Compute zigzag structure labels for a single pair.

Source code in src/signalflow/target/structure_labeler.py
def compute_group(self, group_df: pl.DataFrame, data_context: dict[str, Any] | None = None) -> pl.DataFrame:
    """Compute zigzag structure labels for a single pair."""
    if group_df.height == 0:
        return group_df

    if self.price_col not in group_df.columns:
        raise ValueError(f"Missing required column '{self.price_col}'")

    prices = group_df[self.price_col].to_numpy().astype(np.float64)

    # Compute per-bar thresholds using Polars for rolling vol
    if self.min_swing_zscore is not None:
        thresholds = self._adaptive_thresholds(group_df, prices)
    else:
        thresholds = np.full(len(prices), self.min_swing_pct)

    # Run sequential zigzag algorithm
    labels, swing_pcts = self._zigzag(prices, thresholds)

    df = group_df.with_columns(pl.Series(name=self.out_col, values=labels, dtype=pl.Utf8))

    if self.include_meta:
        df = df.with_columns(
            pl.Series(
                name="swing_pct",
                values=swing_pcts.tolist(),
                dtype=pl.Float64,
            )
        )

    if self.mask_to_signals and data_context is not None and "signal_keys" in data_context:
        df = self._apply_signal_mask(df, data_context, group_df)

    return df

Volume Regime Labeler

signalflow.target.volume_labeler.VolumeRegimeLabeler dataclass

VolumeRegimeLabeler(raw_data_type: RawDataType | str = RawDataType.SPOT, signal_category: SignalCategory = SignalCategory.VOLUME_LIQUIDITY, pair_col: str = 'pair', ts_col: str = 'timestamp', keep_input_columns: bool = False, output_columns: list[str] | None = None, filter_signal_type: SignalType | None = None, mask_to_signals: bool = True, out_col: str = 'label', include_meta: bool = False, meta_columns: tuple[str, ...] = ('volume_ratio',), volume_col: str = 'volume', horizon: int = 60, vol_sma_window: int = 1440, spike_threshold: float = 2.0, drought_threshold: float = 0.3)

Bases: Labeler

Label bars by forward volume regime.

Detects volume spikes and droughts by comparing forward average volume to a trailing volume SMA.

Algorithm
  1. Compute trailing volume SMA: rolling_mean(volume, vol_sma_window).
  2. Compute forward volume ratio: mean(volume[t+1 : t+horizon+1]) / trailing_sma[t]
  3. If ratio > spike_threshold -> "abnormal_volume"
  4. If ratio < drought_threshold -> "illiquidity"
  5. Otherwise -> null
Implementation

Uses pure Polars expressions instead of numpy loops for better performance and memory efficiency.

Attributes:

Name Type Description
volume_col str

Volume column.
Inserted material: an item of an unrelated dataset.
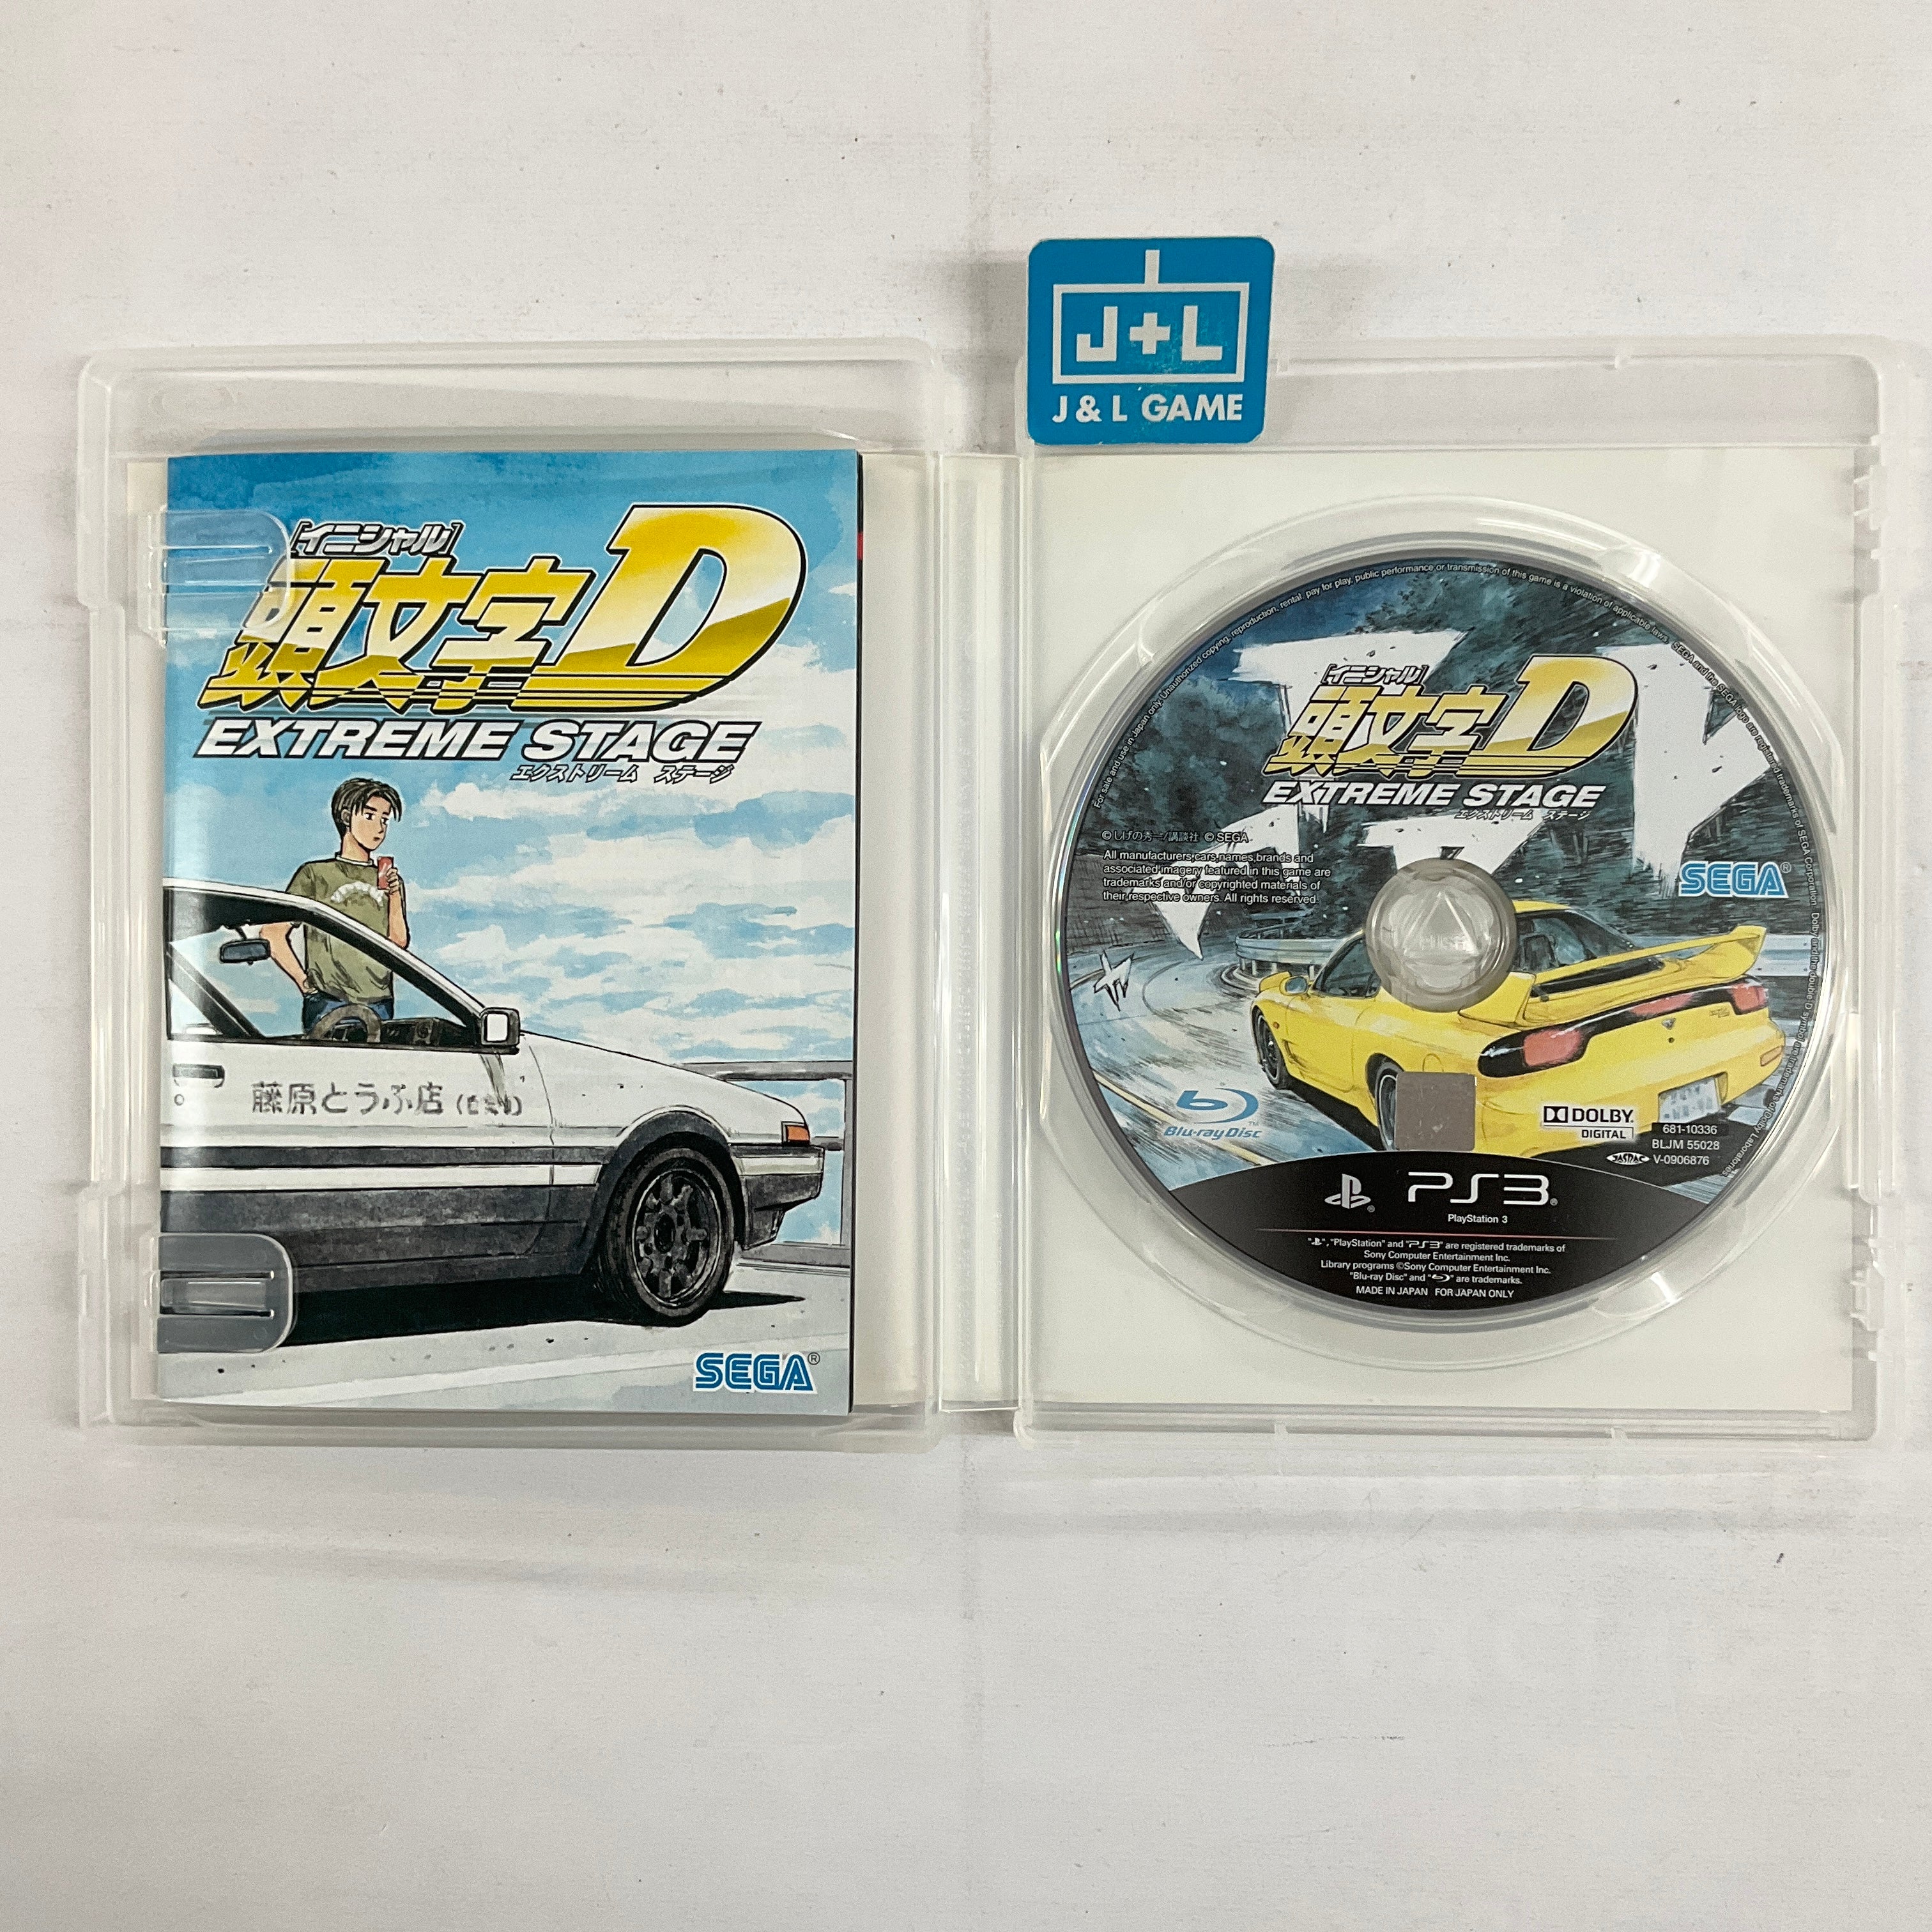 Initial D: Extreme Stage (PlayStation 3 the Best) - (PS3) PlayStation 3 [Pre-Owned] (Japanese Import) Video Games Sega

Default: "volume".

horizon int

Number of forward bars. Default: 60.

vol_sma_window int

Trailing SMA window. Default: 1440.

spike_threshold float

Threshold for volume spike. Default: 2.0.

drought_threshold float

Threshold for volume drought. Default: 0.3.

Example
from signalflow.target.volume_labeler import VolumeRegimeLabeler

labeler = VolumeRegimeLabeler(
    horizon=60,
    spike_threshold=2.0,
    drought_threshold=0.3,
    mask_to_signals=False,
)
result = labeler.compute(ohlcv_df)

drought_threshold class-attribute instance-attribute

drought_threshold: float = 0.3

horizon class-attribute instance-attribute

horizon: int = 60

meta_columns class-attribute instance-attribute

meta_columns: tuple[str, ...] = ('volume_ratio',)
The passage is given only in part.